Background: The Toll-like receptor (TLR) plays an important role in the induction of the hyperinflammatory response and tissue injury in sepsis. The cholinergic antiinflammatory pathway serves as a link between the parasympathetic and innate immune systems. We examined the antiinflammatory effect of nicotine, a potent α7 nicotinic acetylcholine receptor (α7nAChR) agonist, with regard to TLR expression and signaling during sepsis.
Methods: Polymicrobial sepsis was induced in mice by cecal ligation and puncture (CLP). The subjects received intraperitoneal nicotine (400 μg/kg) immediately after CLP for the biochemical study and 0, 24, 48, and 72 hours after CLP for the survival test. Intraperitoneal methyllycaconitine (MLA; 5 mg/kg), an α7nAChR antagonist, was administered 5 minutes prior to nicotine treatment. We evaluated the effects of nicotine using α7nAChR and phosphoinositide 3-kinase (PI3K) inhibitors in lipopolysaccharide-stimulated RAW264.7 cells.

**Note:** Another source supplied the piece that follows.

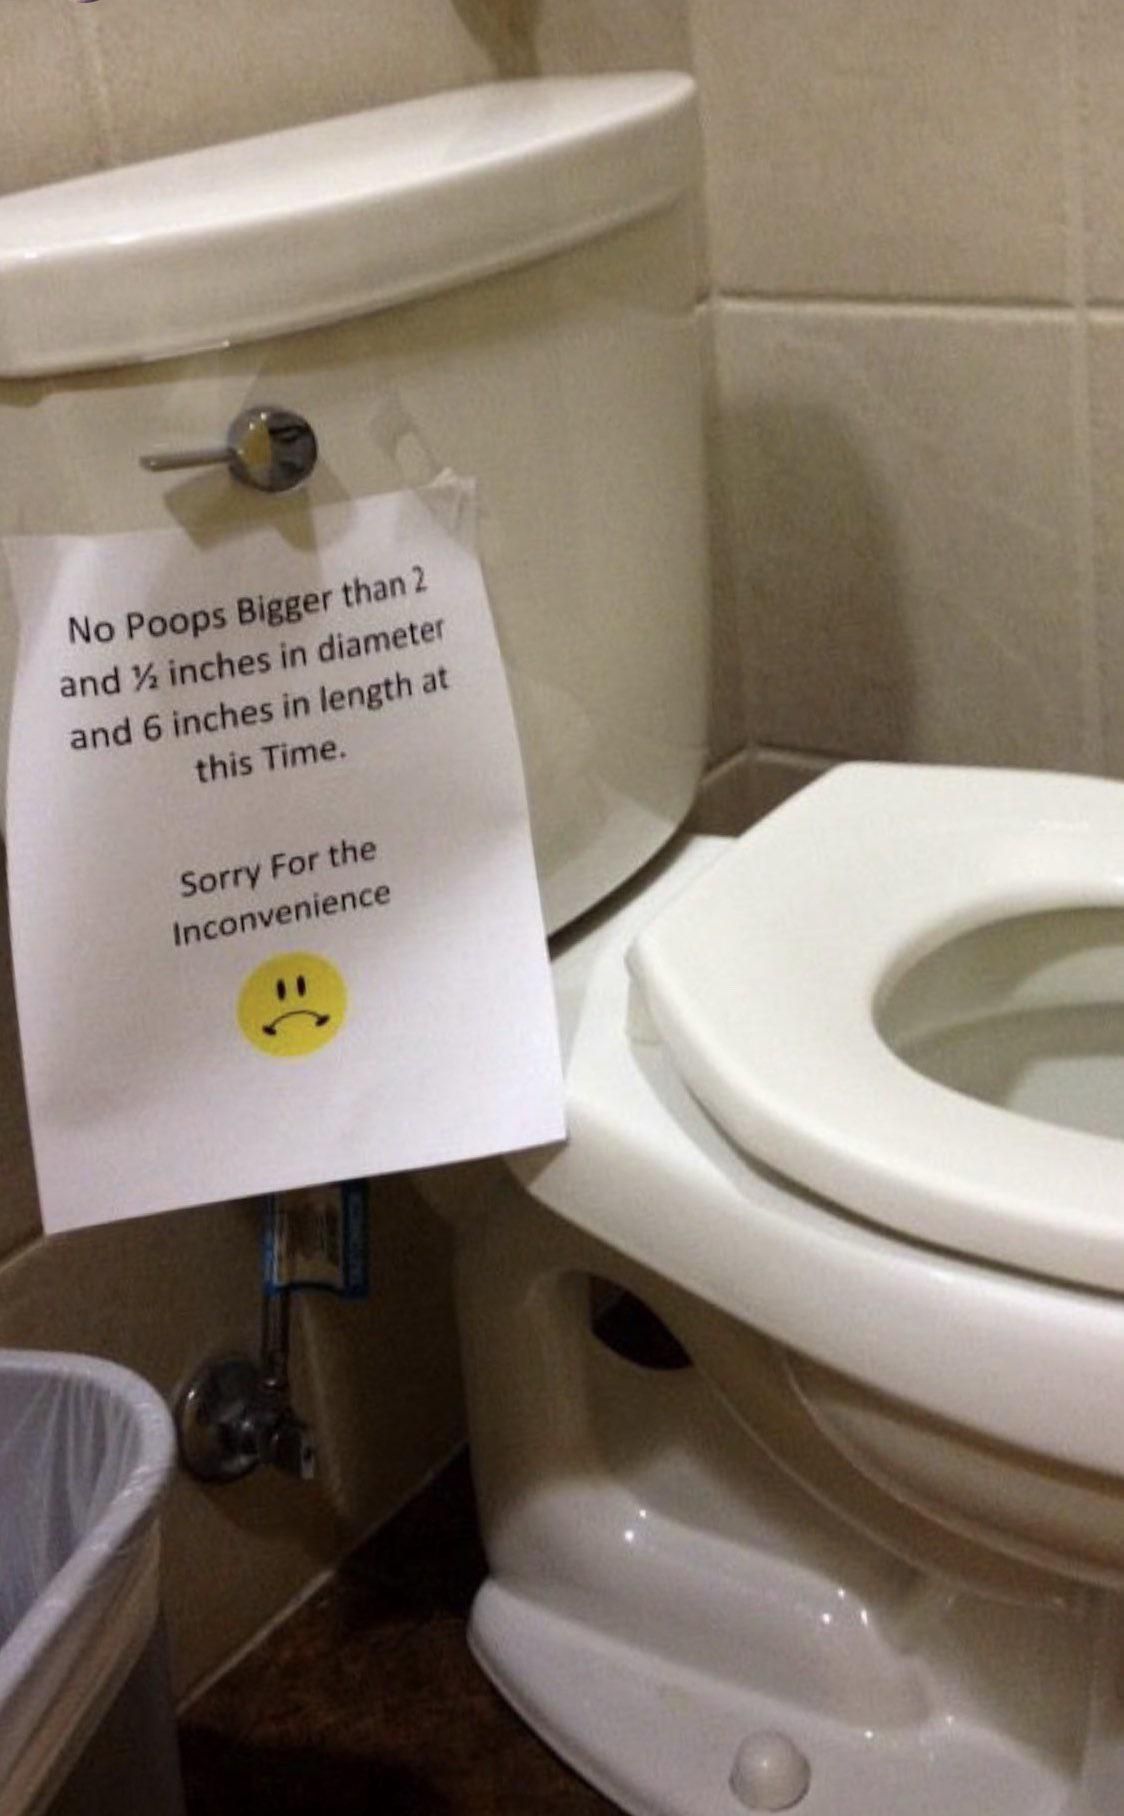 All righty then! I will just pee..

Results: Nicotine improved sepsis-induced mortality, attenuated organ failure, and suppressed inflammatory cytokines, which were abolished by MLA. Nicotine enhanced PI3K/Akt activation and reduced PU.1 activity and TLR4 expression. MLA and PI3K inhibitors blocked this effect of nicotine.
Conclusions: Our findings suggest that stimulation of the cholinergic antiinflammatory pathway by nicotine protects against septic injury and that this may be associated with inhibition of TLR4 expression via α7nAChR/PI3K signaling.
Keywords: PI3K; PU.1; TLR; nicotine; sepsis; α7nAChR.